Strengths: There are a lot of books that deal with the grieving process when a parent dies, but oddly few dealing with how children deal with divorce. It can be very complicated, and moving between households can be stressful. I liked how there were some positive things, and that Justine had a good relationship with her sister Marry and grandmother. It was also interesting to see part of the legal process involving custody, from Justine's perspective. There was even a little bit of friend drama. An author's note at the back explains the phenomenon of Parental Alienation Syndrome, which explains why Justine was fighting for her mother even though she loved her father. 
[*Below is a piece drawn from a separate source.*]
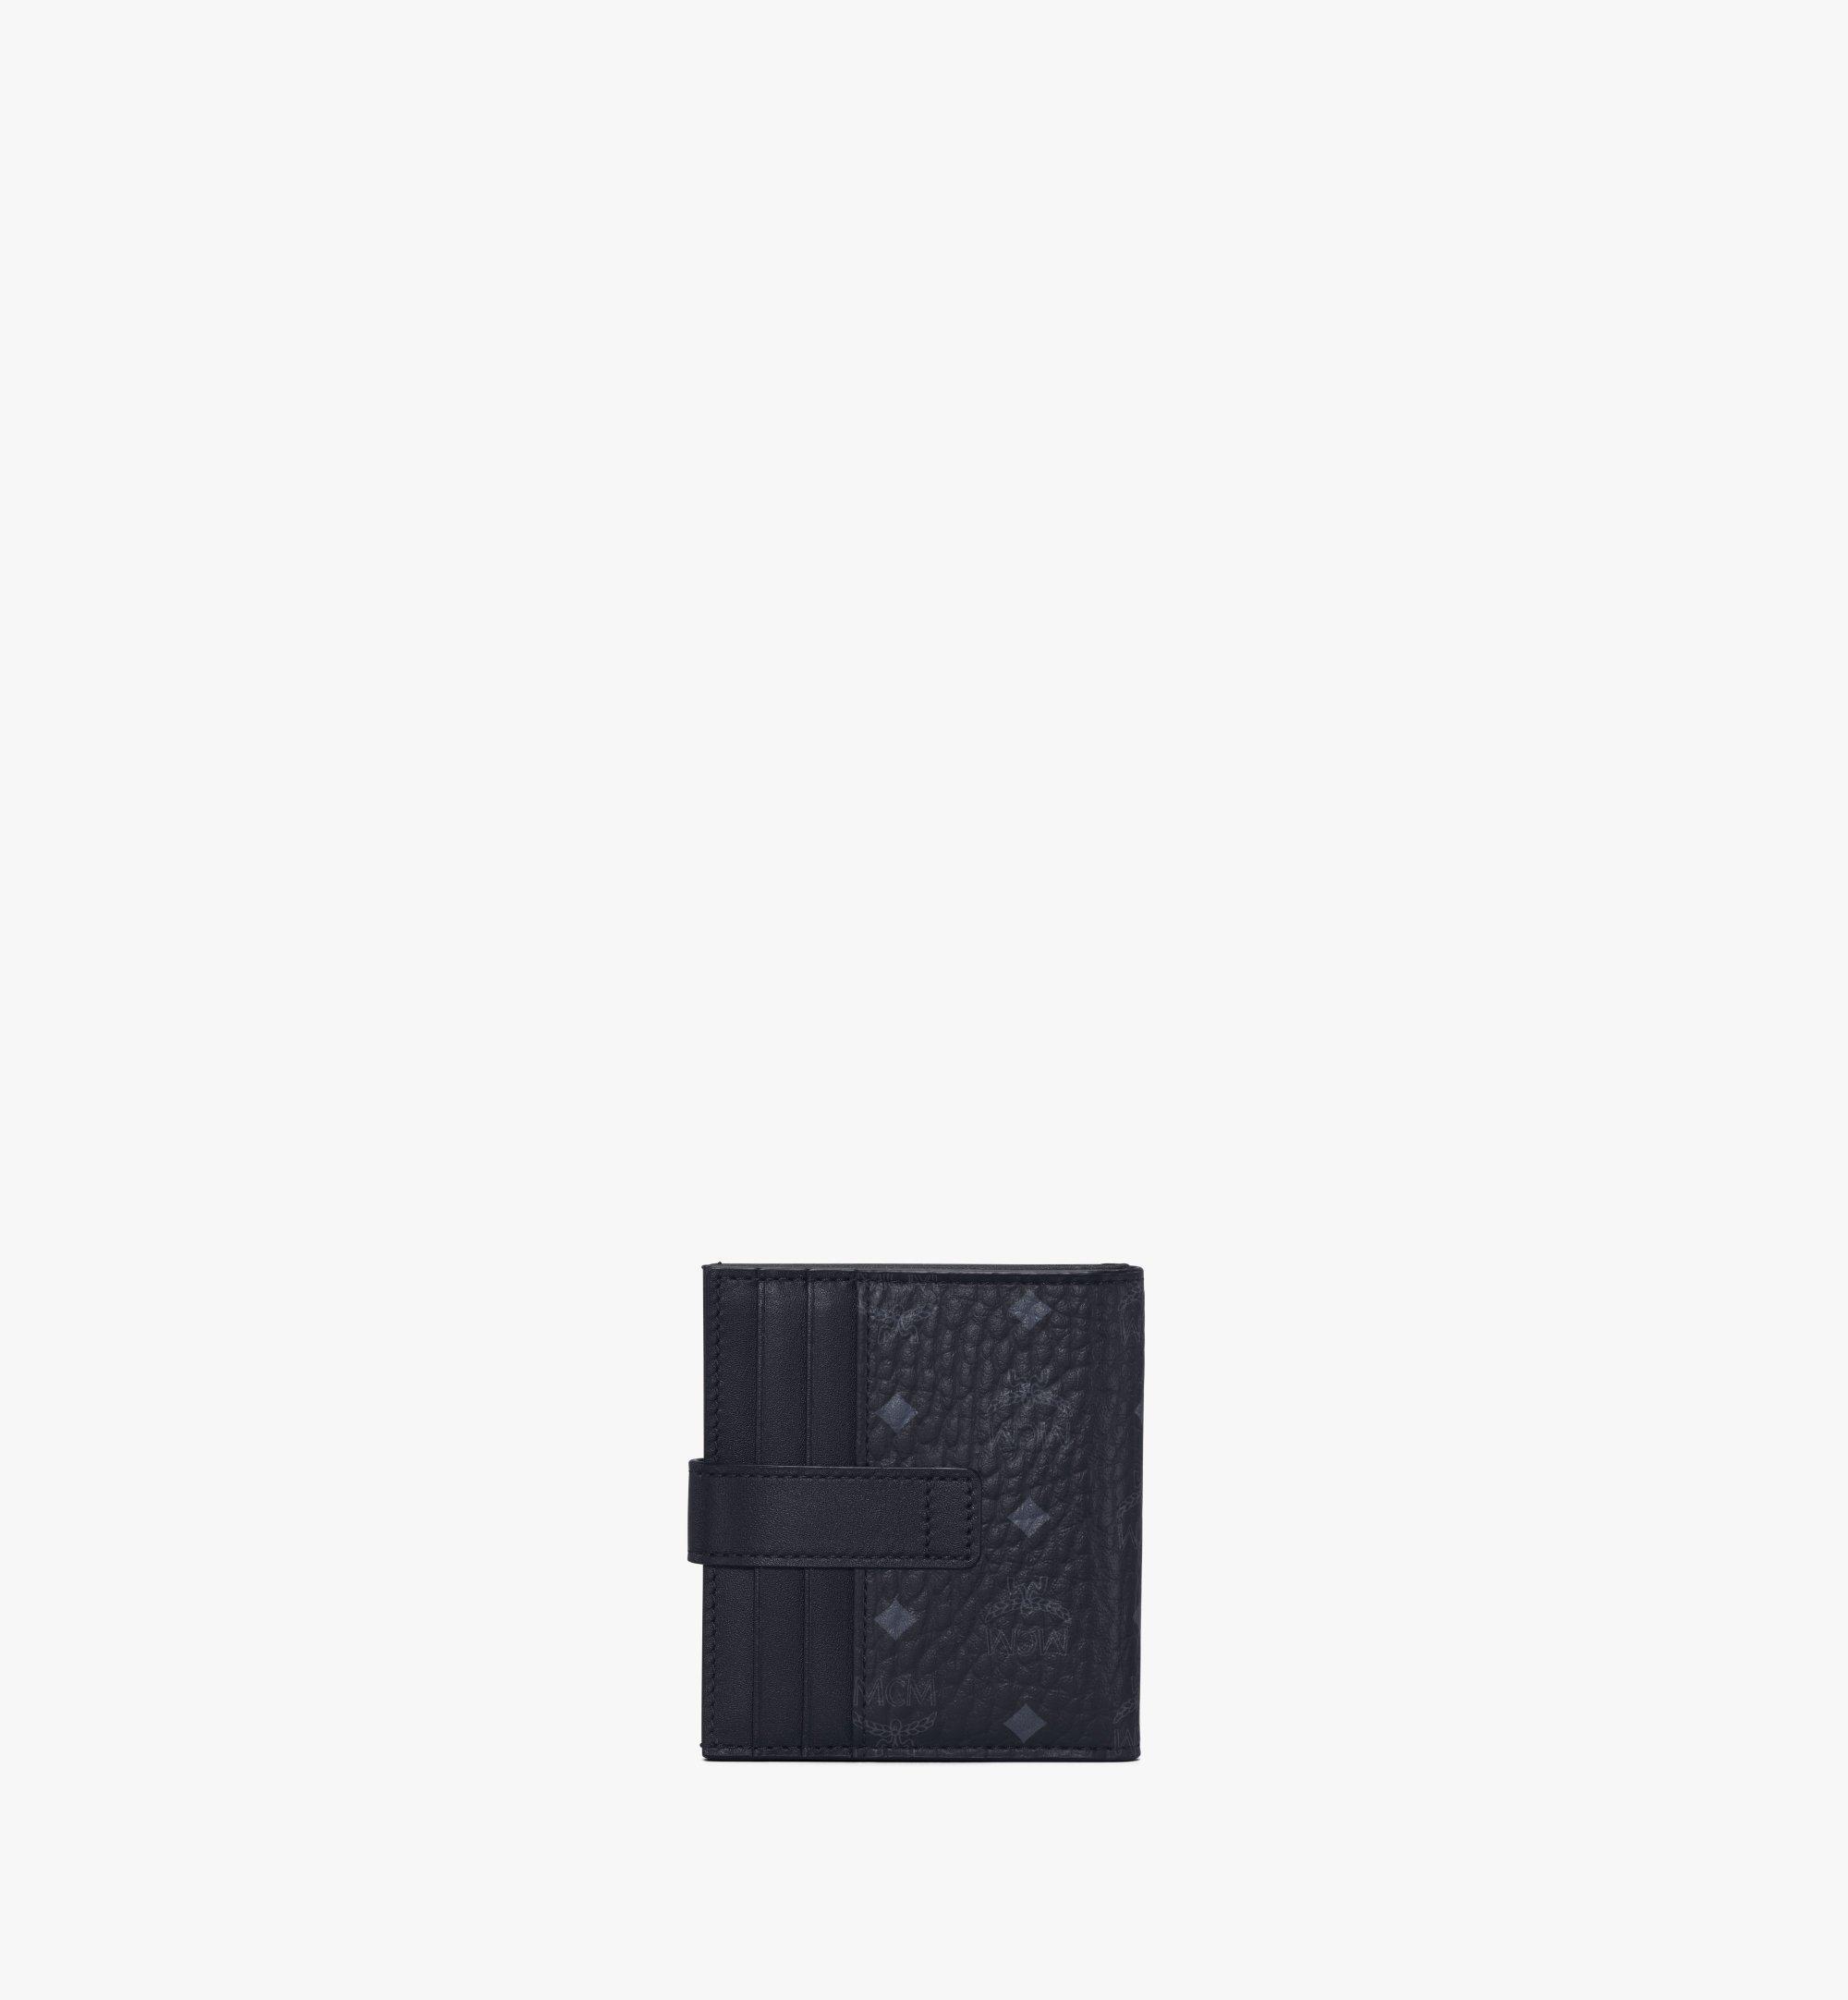 MCM Bifold Card Wallet in Visetos Original Black MXSAAVI05BK001 Alternate View 2

Weaknesses: It was a bit confusing to see Justine sabotage her father. I wish there had been more specific examples of her mother manipulating her, or that Justine had been shown thinking about what she was doing to her father and their relationship
What I really think: This was a bit more of an elementary school book because of the large amount of time spent with the parents. Middle school stories spend a lot more time with children distancing themselves of spending time on their own. Include this with other books involving children's experiences of divorce, including Payne's The Thing About Leftovers, Burt's The 12 Dares of Christa, Carr's 365 Days to Alaska, Murphy's Dear Sweet Pea, Mackler's Not if I Can Help It, Youngblood's Love Like Sky, Burke's An Occasionally Happy Family, and Draper's Blended. Interesting note: there seem to be a disproportionate number of books about divorce with girls as the main characters. Burke's title is the exception.